Через некоторое время Пойгин ел мясо, пил чай, сидя за столом на страшно неудобной деревянной подставке. Ему очень хотелось опуститься на пол, удобно сесть на корточки, но внизу не было мягких шкур. Когда стало жарко, он снял кухлянку, обнажаясь до пояса. Не знал он, что говорит Рыжебородый о нём жене.
– Посмотри, Надя, как великолепно вылеплен этот чукча, – рассуждал заведующий культбазой Артём Петрович Медведев. – Будто вдруг ожившая бронзовая скульптура. А какая осанка! Право же, осанка истинного аристократа.
– Миклухо-Маклай, кажется, делал такие же открытия, – отвечала шутливо Надежда Сергеевна, заведующая школой в культбазе. – И нос у нашего гостя с горбинкой… Какой чёткий профиль, хоть чекань на медали.
Утолив голод и напившись чаю, Пойгин с удовольствием раскурил трубку.
– А вот это вроде бы здесь ни к чему, – сказала Надежда Сергеевна.
– Ничего, придётся потерпеть.
– Я бы предложил тебе и твоей жене трубку, – сказал Пойгин, глубоко затягиваясь. – Но ты вчера удивил меня, не приняв трубку.
– Однако беседа наша всё равно была очень мирной и дружелюбной, – возразил Рыжебородый, – считай, что я принял у тебя трубку. Просто по моим обычаям каждый, кто курит, должен курить только свою трубку.
– Почему? От жадности?
– Нет, по другой причине. Когда-нибудь поймёшь. Приглядывайся. Я пытаюсь постигнуть ваши обычаи, а ты, быть может, найдёшь нужным постигнуть наши.
Пойгин промолчал, обдумывая, что кроется за словами Рыжебородого. Вдруг он чуть откинулся назад и сказал:
– Теперь позволь мне дотронуться до твоей бороды. – Не боишься обжечься?
Пойгин посмотрел на руку, помахал ею в воздухе, словно уже чувствуя ожог.
– Решайся, – шутливо промолвил Рыжебородый, как-то странно подмигнув ему. – Решайся. Судя по всему, ты храбрый мужчина.
Пойгин помедлил, затем осторожно протянул руку и вдруг крепко ухватился за бороду Артёма Петровича.
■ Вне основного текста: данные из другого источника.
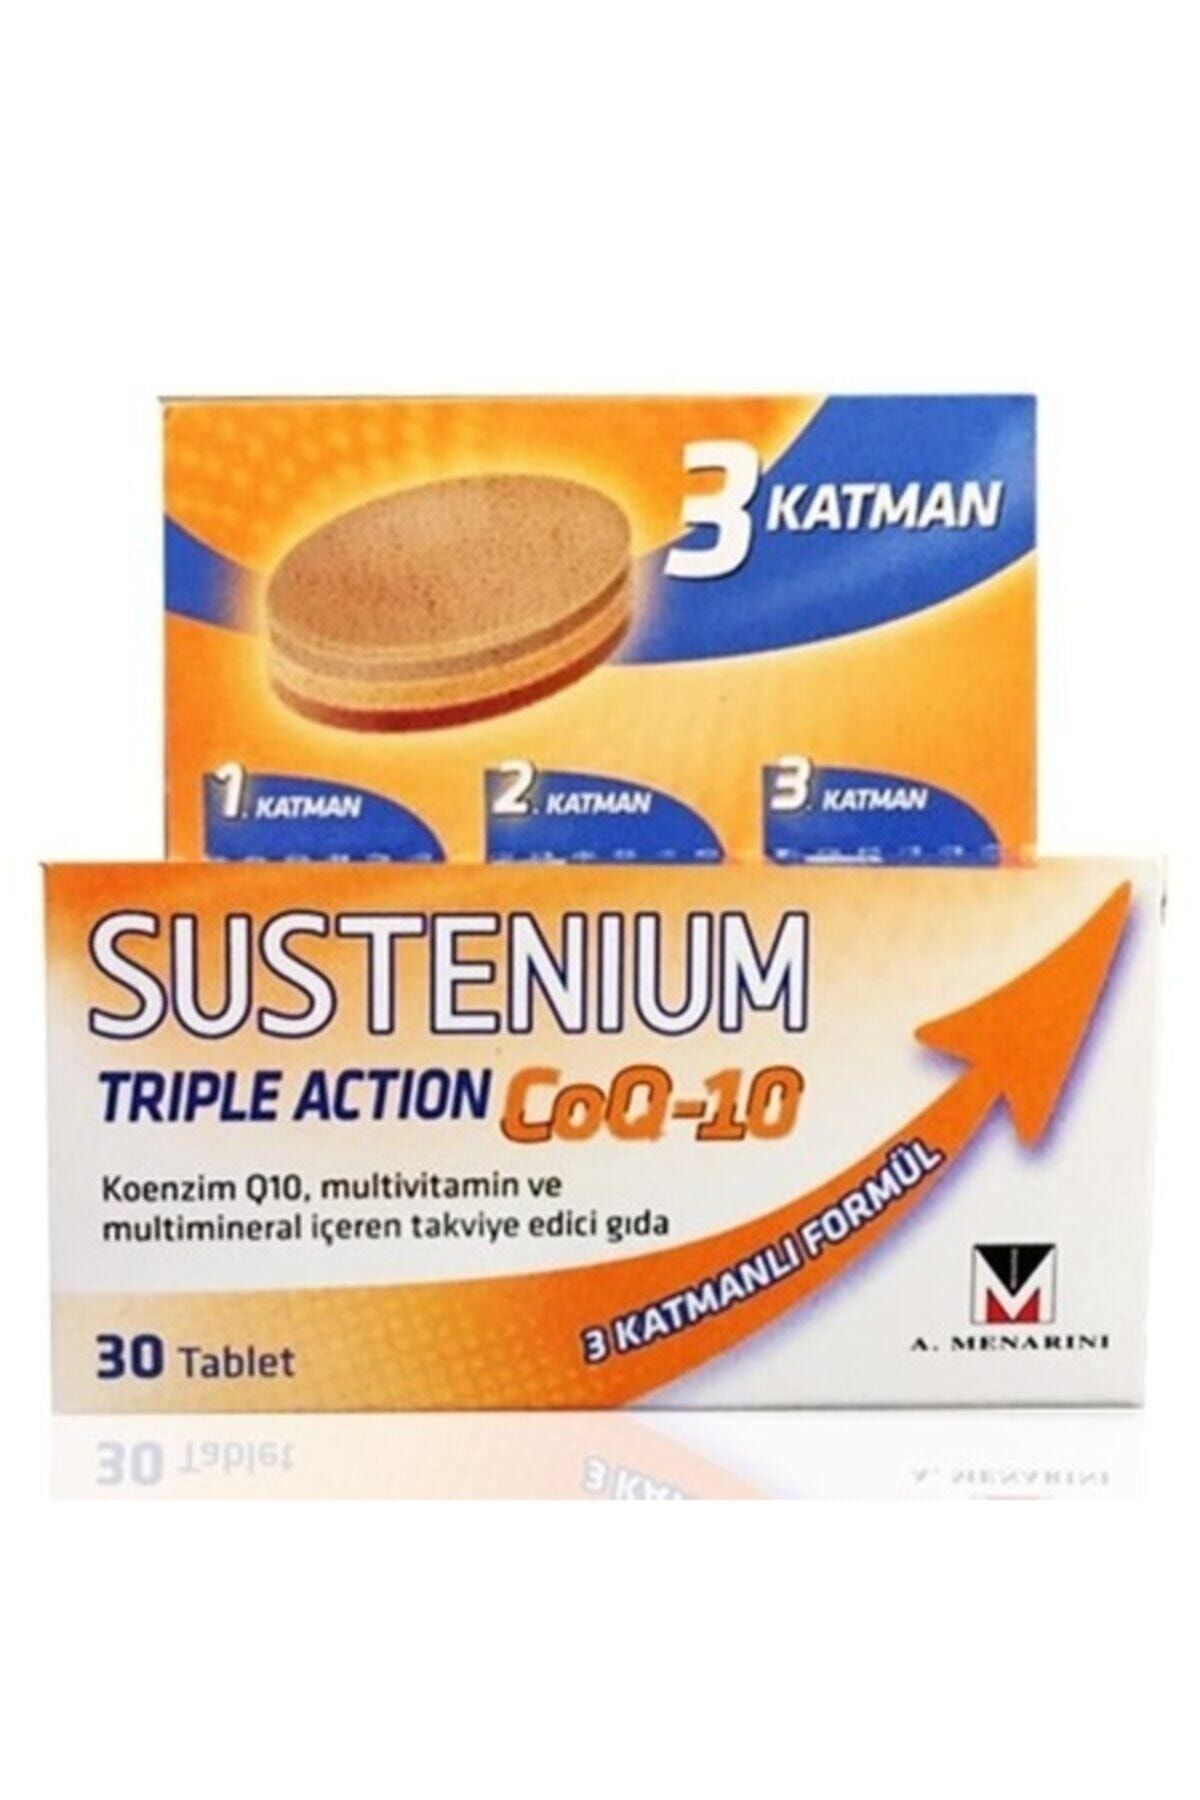 Sustenium Sustenıum Trıple Actıon Coq-10 30 Tablet Koenzim Q10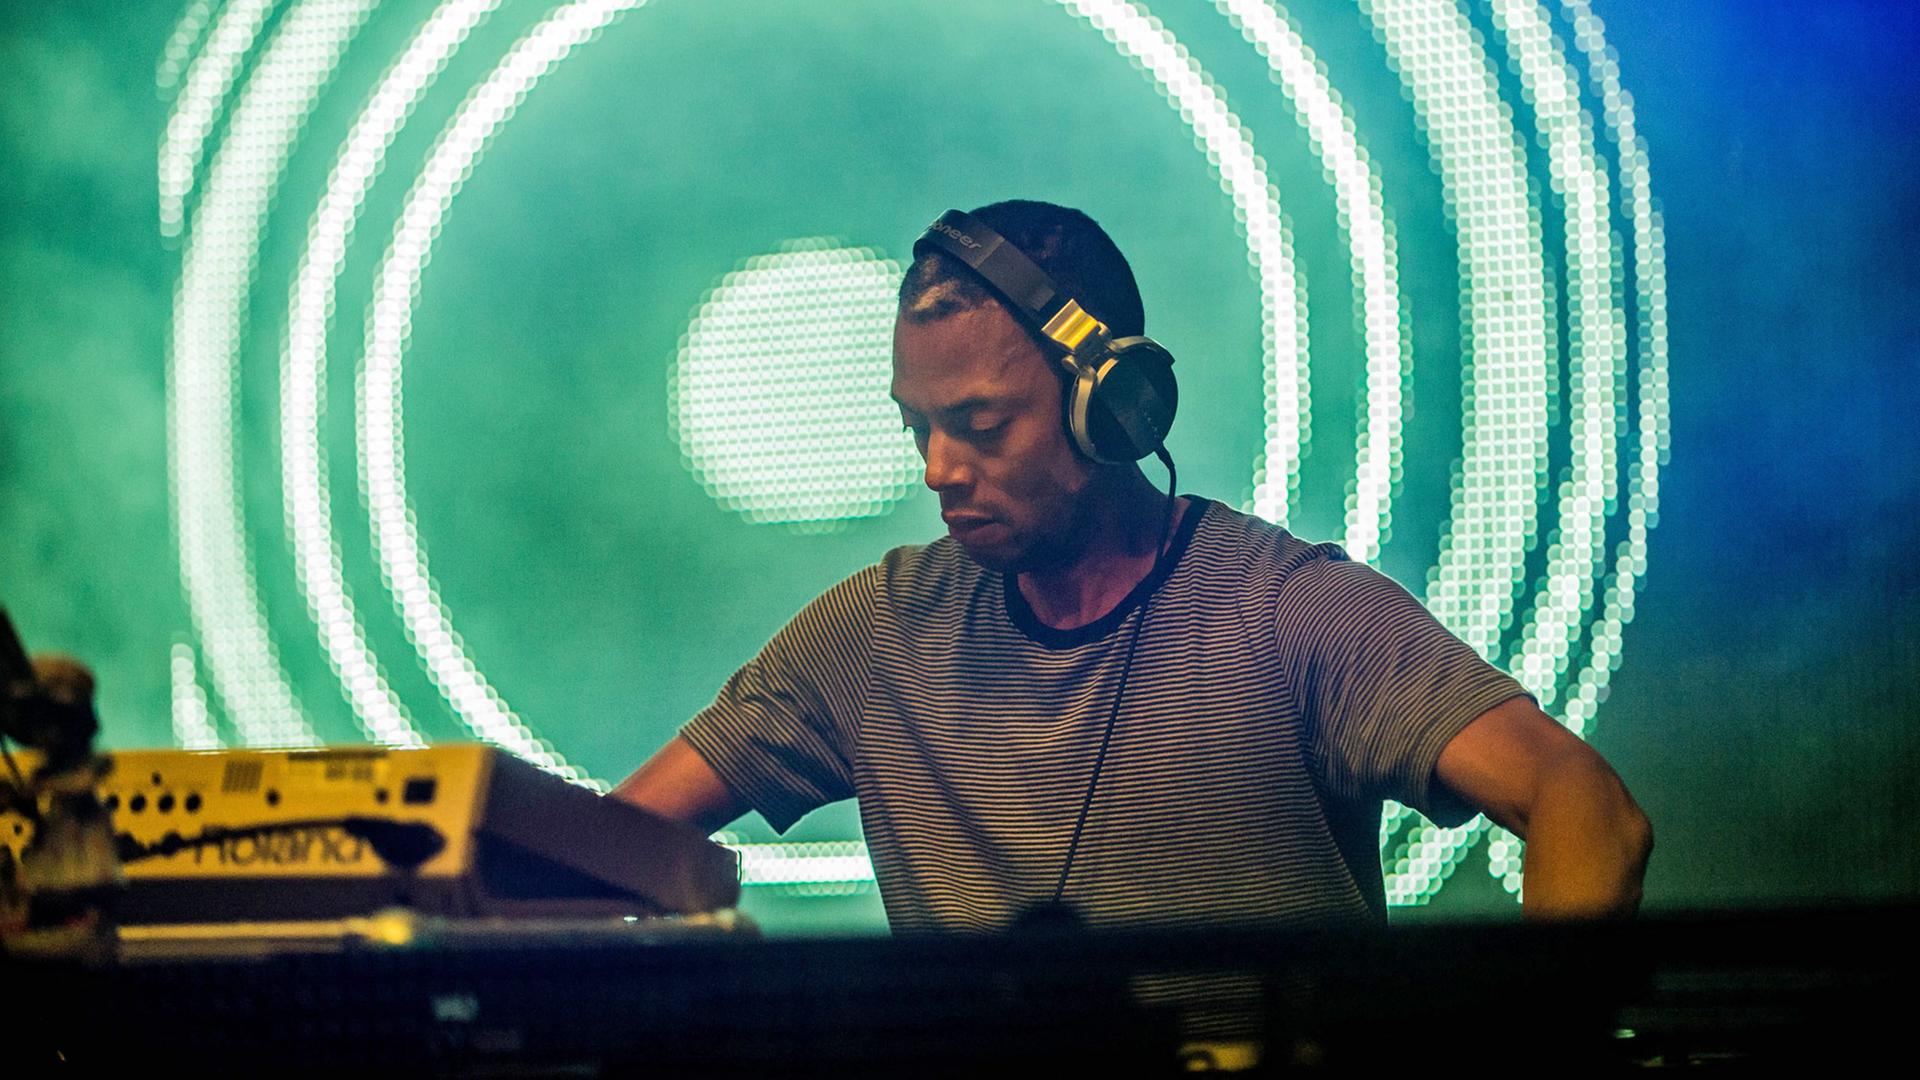 Der US-amerikanische Techno-DJ, Musiker und Produzent Jeff Mills, aufgenommen am 26.7.2014 beim Tomorrowland Music Festival im belgischen Boom

– Это ещё что за выходка? – спросила Надежда Сергеевна, не всё поняв в речи Пойгина.
– Надо тебе поскорее овладевать чукотским языком, – спокойно ответил Артём Петрович, когда гость наконец отпустил его бороду.
Какое-то время Пойгин внимательно оглядывал собственную руку.
– Никакого ожога не чувствую, – сказал он, кажется, несколько разочарованно. – Даже тепла не почувствовал. Обыкновенная шерсть, как если бы я притронулся к гриве чимнэ.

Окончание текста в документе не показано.